Doomsday Clock To Begin Countdown

December 21, 2011 by staff 

Doomsday Clock To Begin Countdown, What is it about doomsday that draws a crowd? Time after time, doomsayers have predicted the breakdown of society on a date certain, stirring up a buzz that builds to a crescendo and ends in a crash when doomsday doesn’t come. 1844 brought the Great Disappointment, 1999 brought the Y2K alarm, 2011 brought the Rapture ruckus, and exactly a year from today, we’re due for the Maya apocalypse.

If the past is any indicator, we’ll be intently blogging, tweeting and indulging in black humor as the clock ticks down to Dec. 21, 2012. Then, on Dec. 22, we’ll look around for the next doomsday.

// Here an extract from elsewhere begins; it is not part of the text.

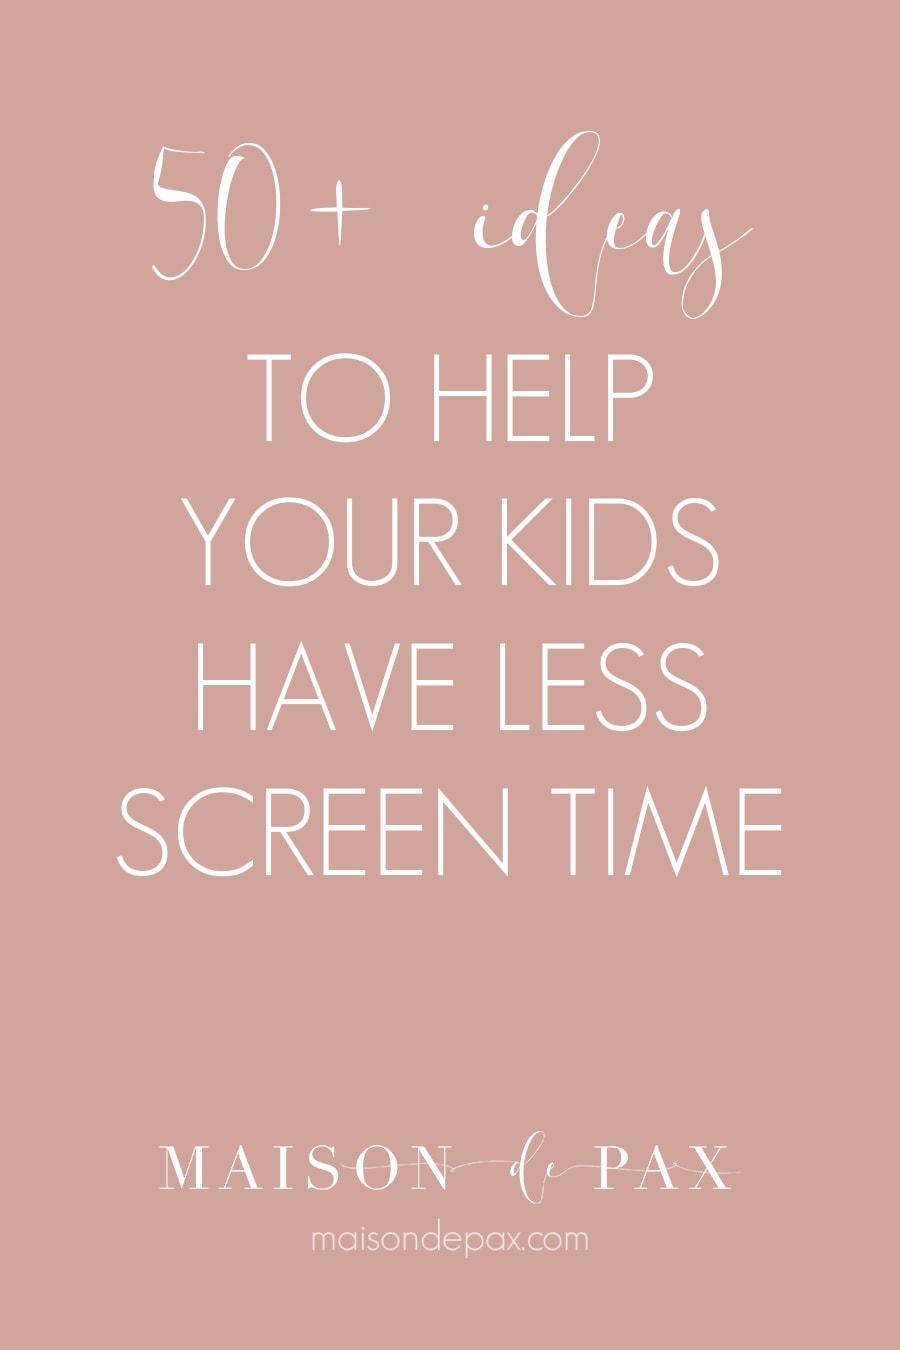 50+ ideas to hep your kids have less screen time | Maison de Pax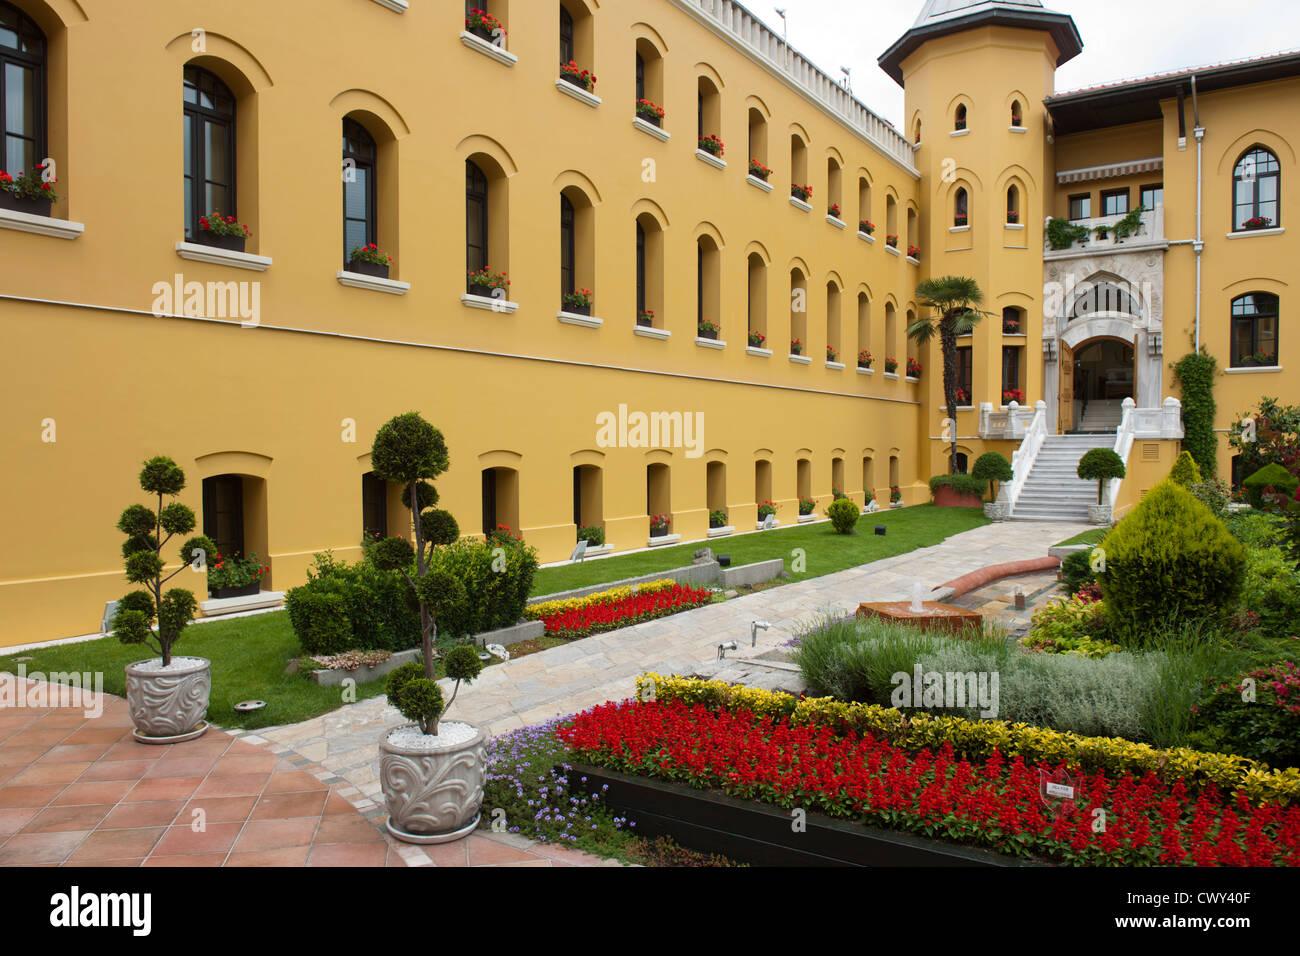 Türkei, Istanbul, Sultanahmet, Four Seasons Hotel Sultanahmet im Gebäude des ehemaligen Gefängnisses Stock Photo

It’s just human nature, says Oregon State University sociologist Richard Mitchell, author of a book about survivalist trends titled “Dancing at Armageddon.” Telling stories and trading tips for making it through the catastrophe that’s ahead of us are pursuits that go back to ancient times.

“The attraction of all of these ‘final crisis’ tales is in the re-narration, the puzzling out of the details, the putting of fragmented facts into a coherent narrative,” Mitchell said.

There are plenty of fragmented facts to choose from for 2012′s “end of the world” narrative, including the Maya Long Count calendar, which supposedly winds down to the end of a 5,126-year-long cycle next Dec. 21. Today the city of Tapachula in southern Mexico is turning on a digital clock for the yearlong countdown, and Mayan priests are performing a ceremony at a nearby archaeological site.

advertisementThey’re dramatizing the doomsday date largely to drum up tourism. “If people are interested, we have to take advantage of this,” Manolo Alfonso Pino, the regional tourism director for Mexico’s Chiapas state, told The Associated Press.

Other angles include the recent string of natural disasters and extreme weather events, the upswing in solar activity, and even the ramp-up of the Large Hadron Collider. The narrative gets embellished with additional twists from seemingly ancient lore, such as the feared approach of a mysterious unseen planet, or a prediction that “30 hours of blindness” will beset us.